I recently received an email from Susan Park, the admissions director for the SCA telling me that my application is still under review, but to continue I need to upload one of my other transcripts that I didn’t upload back in November. She told me to upload it to the document upload section of the application but I can’t find where that is. They need it by Tuesday so any help would be appreciated.


----------



## Abbey Normal (Feb 15, 2021)

What track are you applying for? For the MFA in Screen and TV I uploaded all my documents to the following:





I know Susan had mentiond if you uploaded your application (portfolio, transcripts, etc) to either the USC Grad App page or the SlideRoom app you should be fine.


----------



## jackgooch (Feb 15, 2021)

Abbey Normal said:


> What track are you applying for?

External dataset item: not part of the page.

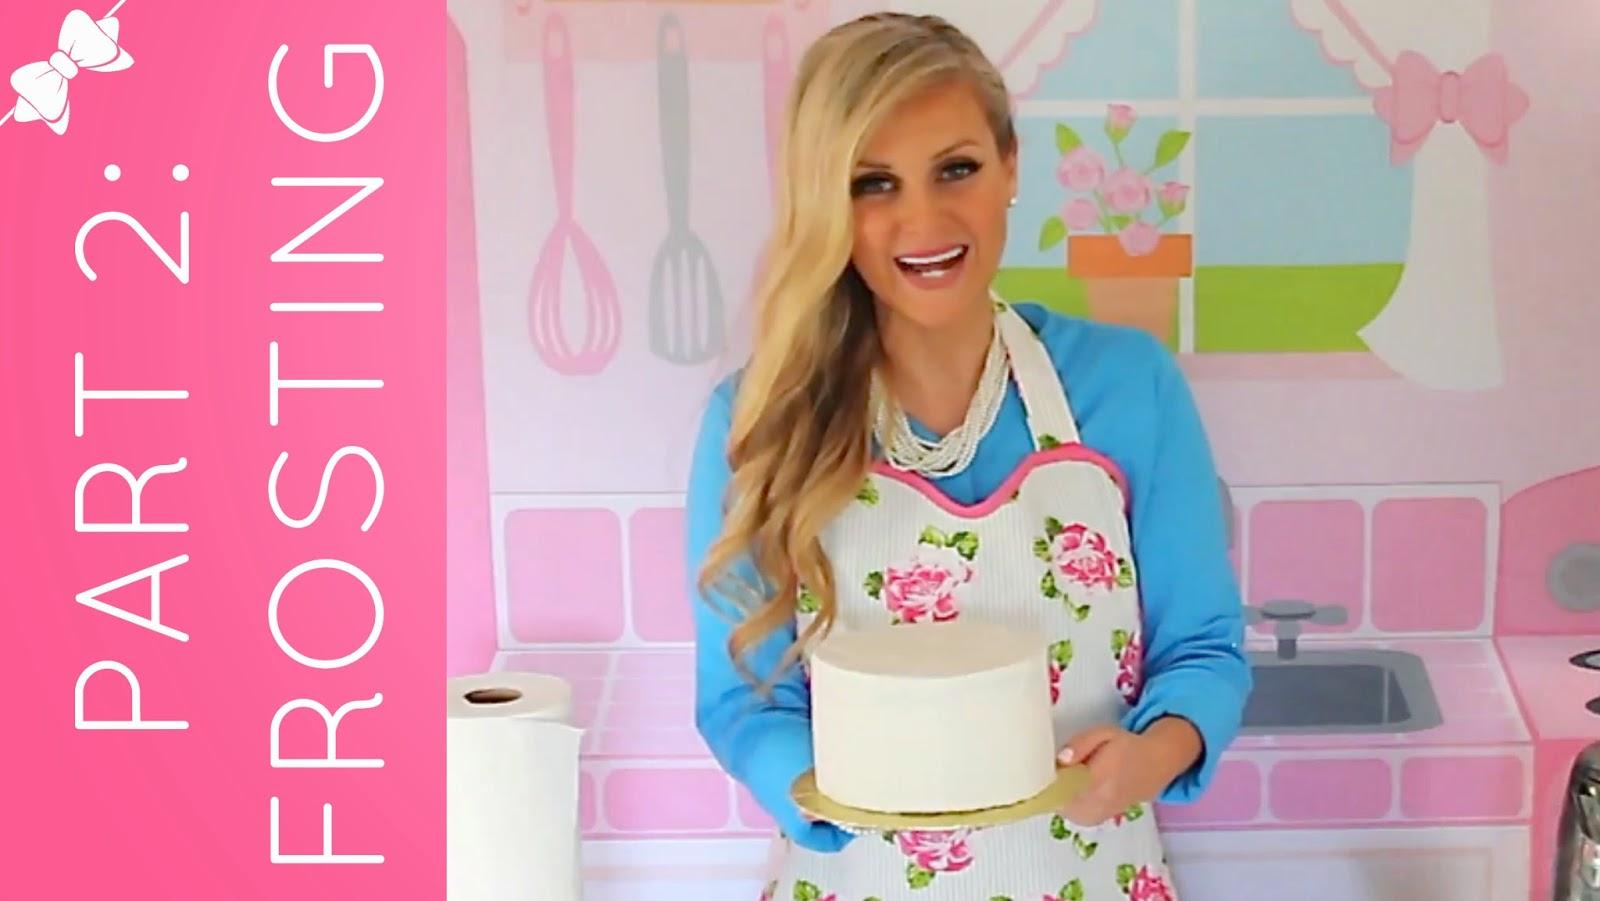 http://blog.dollhousebakeshoppe.com/2015/04/video-cake-decorating-101-part-2-tricks.html
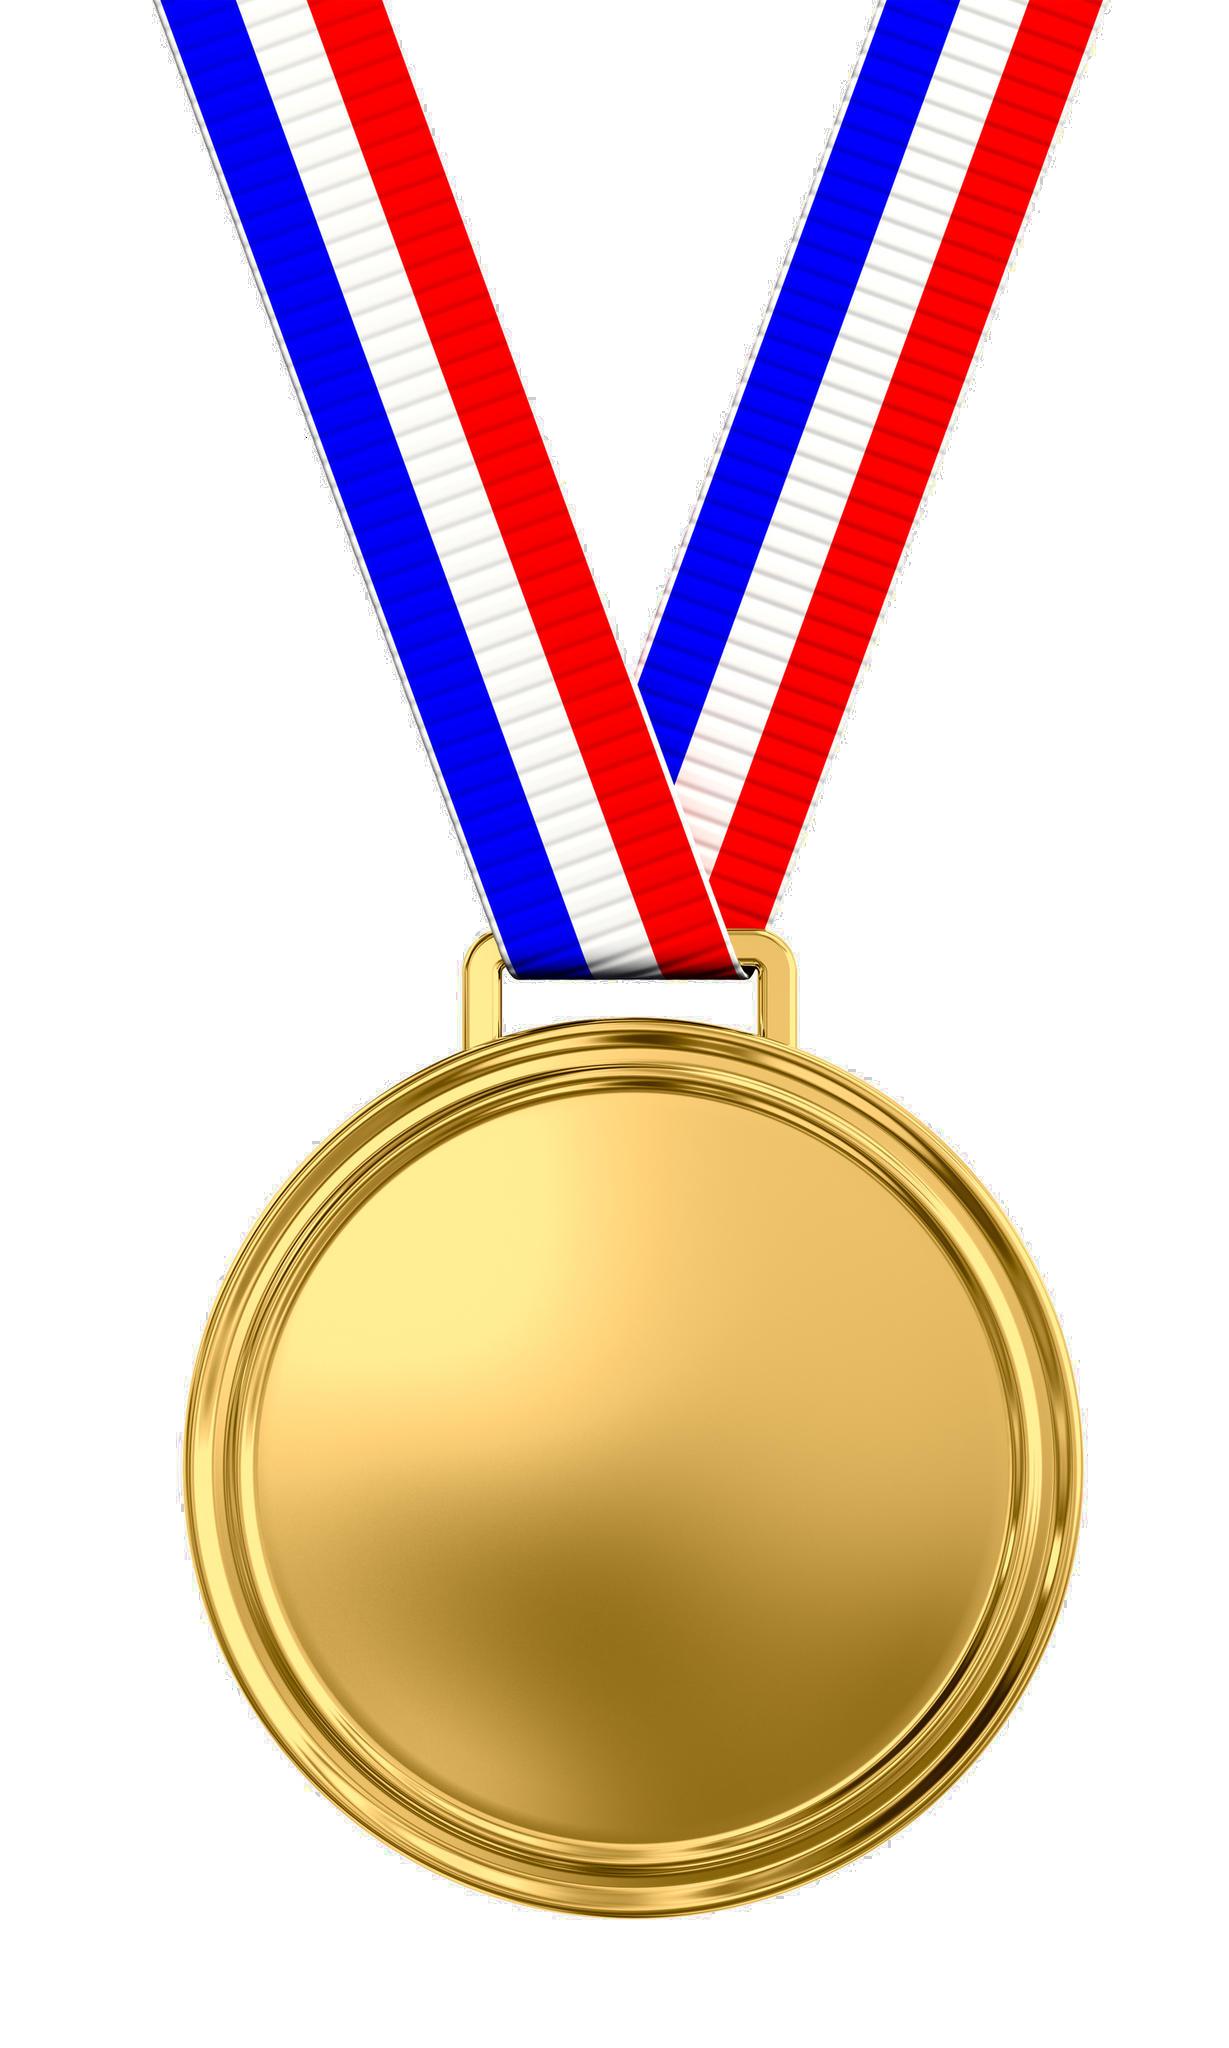 Overwatch gold medal png. Award transparent images pluspng

For the MFA in Screen and TV I uploaded all my documents to the following:
> 
> View attachment 2074
> I know Susan had mentiond if you uploaded your application (portfolio, transcripts, etc) to either the USC Grad App page or the SlideRoom app you should be fine.

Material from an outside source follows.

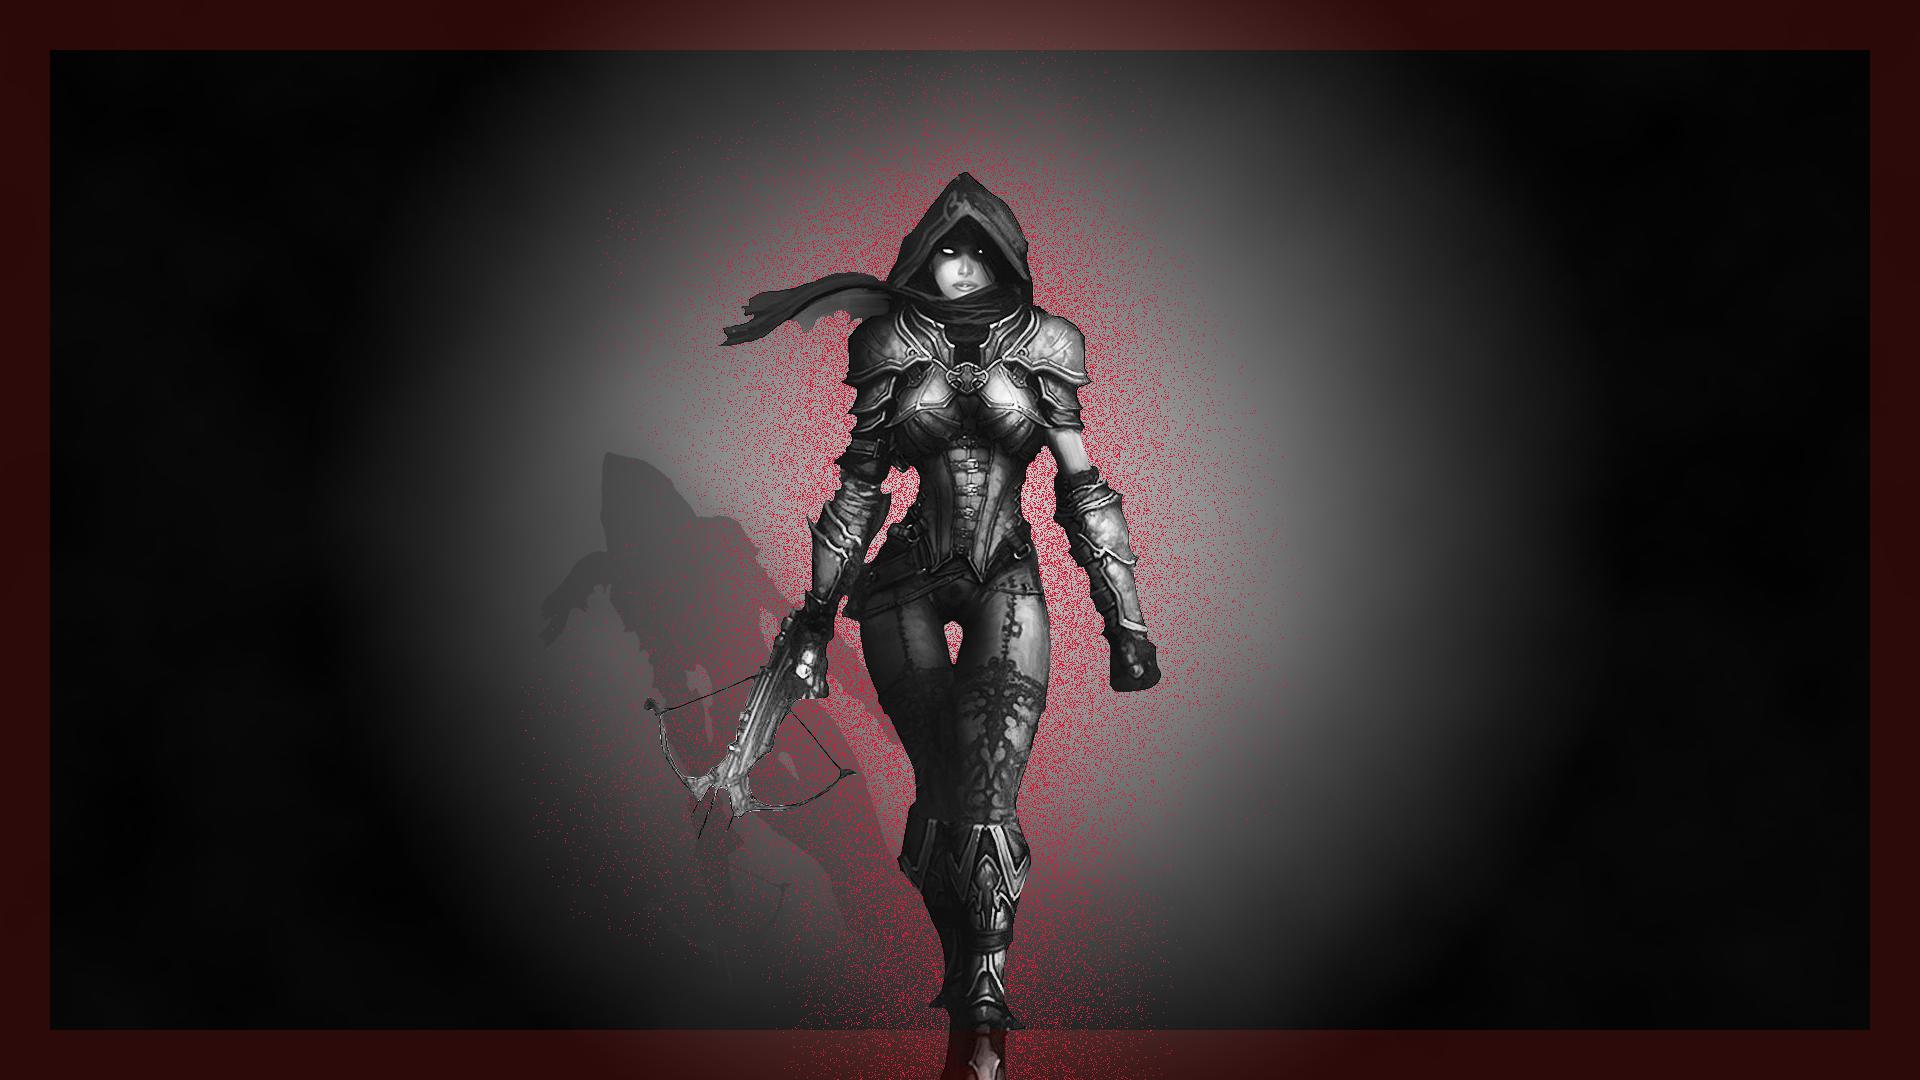 Diablo 3 Demon Hunter By Dexyphered On Deviantart

I am applying for film and television production. I can’t add anything else to my Slideroom app because I sent that off in November. Susan wants me to add my transcript to the grad application but there isn’t anywhere to add it on there.


----------



## Abbey Normal (Feb 15, 2021)

I just checked SlideRoom and it's glitchy. Not sure if it's working properly. Maybe see if you can reupload to the USC Grad App page:






						Liaison International, Centralized Application Service
					






					usc.liaisoncas.com
				




Once you login see if you can add your transcript to Academic History. If this doesn't work, I would reach out to Susan ASAP or someone from the Graduate Admissions.


----------



## jackgooch (Feb 15, 2021)

Abbey Normal said:


> I just checked SlideRoom and it's glitchy. Not sure if it's working properly. Maybe see if you can reupload to the USC Grad App page:
> 
> 
> 
> ...


I’ve managed to add it as an extra section in academic history. I’ve also emailed her asking if that’s fine so hopefully she’ll get back to me saying it is 🤞


----------



## cgold (Feb 15, 2021)

jackgooch said:


> I recently received an email from Susan Park, the admissions director for the SCA telling me that my application is still under review, but to continue I need to upload one of my other transcripts that I didn’t upload back in November. She told me to upload it to the document upload section of the application but I can’t find where that is. They need it by Tuesday so any help would be appreciated.


I emailed mine to etrans@usc.edu

It took them a few days to open and add it to my file though!


----------



## hugofaraco (Feb 16, 2021)

I sent mine to gradadm@usc.edu and they replied a week later confirming that it was added to my application.


----------